How Severe Can Erectile Dysfunction Get?

Well, pretty severe – as in the complete inability to achieve any kind of erection. However, many treatments exist, and almost any case of erectile dysfunction can be treated to some degree.

Additional Points/Information

Ejaculation Is A Different Matter: Male orgasm (ejaculation) is a more complicated process than achieving an erection that requires fairly intact nerve pathways between the brain and lower spinal cord. For this reason, it is possible that a man can achieve an erection, but find ejaculation much more difficult or impossible.

Don’t Assume It’s MS: While it is pretty likely that erectile problems have something to do with MS, there can be other causes of erectile dysfunction. Diabetes, high blood pressure and high cholesterol are big culprits in causing problems with erections, and need to be managed.
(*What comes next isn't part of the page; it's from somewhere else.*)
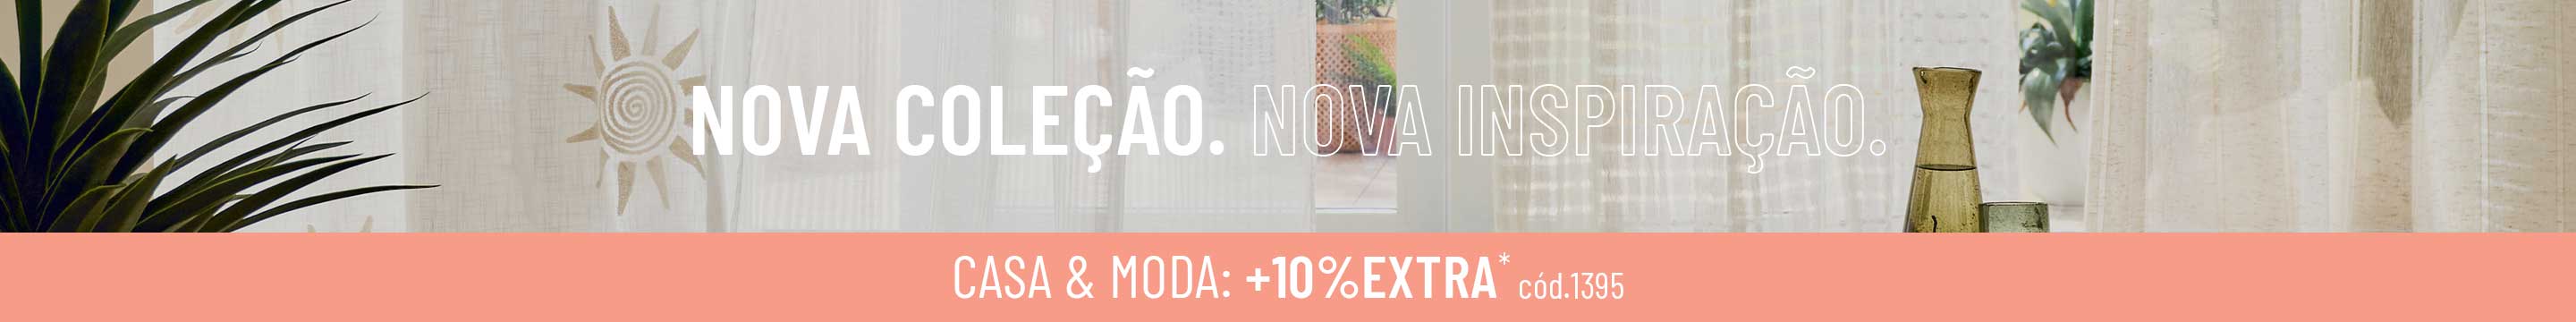 NOVA COLEÇÃO. NOVA INSPIRAÇÃO. | MODA & CASA: +10%EXTRA*

Check Your Meds: Certain prescription medications that you might be taking for MS symptoms could be causing (or contributing to) your erectile dysfunction. These include:

  • Anticholinergics, prescribed for bladder dysfunction or diarrhea, including: propantheline, (Norpanth, Pro-Banthine) and dicyclomine (Bentyl)
  • Antidepressants, including:
    • Tricyclic antidepressants, such as amitriptyline (Elavil, Endep), desipramine (Norpramin), doxepin (Sinequan), imipramine (Tofranil-PM), nortriptyline (Pamelor).
    • Selective Serotonin Reuptake Inhibitors (SSRIs), including fluoxetine (Prozac), sertraline (Zoloft), citalopram (Celexa) and paroxetine (Paxil).
    • Norepinephrine Reuptake Inhibitors, a newer class of antidepressants, which includes venlafaxine (Effexor) and duloxetine hydrochloride (Cymbalta).
  • Marijuana: If you are using marijuana, or any of its derivatives, for MS-related spasticity, tremor or pain (or for any other reason), be aware that marijuana use can lead to erectile dysfunction.

Sources:

Turkington, C. and Hooper, K. The A to Z of Multiple Sclerosis. New York: Checkmark Books, 2005.

C. D. Beits, S. J. Jones, C. G. Fowler and Clare J. Fowler. Erectile dysfunction in multiple sclerosis Associated neurological and neurophysiological deficits, and treatment of the condition. Brain Vol. 117, No. 6, 1303-1310, 1994.

Hennessey A, Robertson NP, Swingler R, Compston DA. Urinary, faecal and sexual dysfunction in patients with multiple sclerosis. J Neurol. 1999 Nov;246(11):1027-32.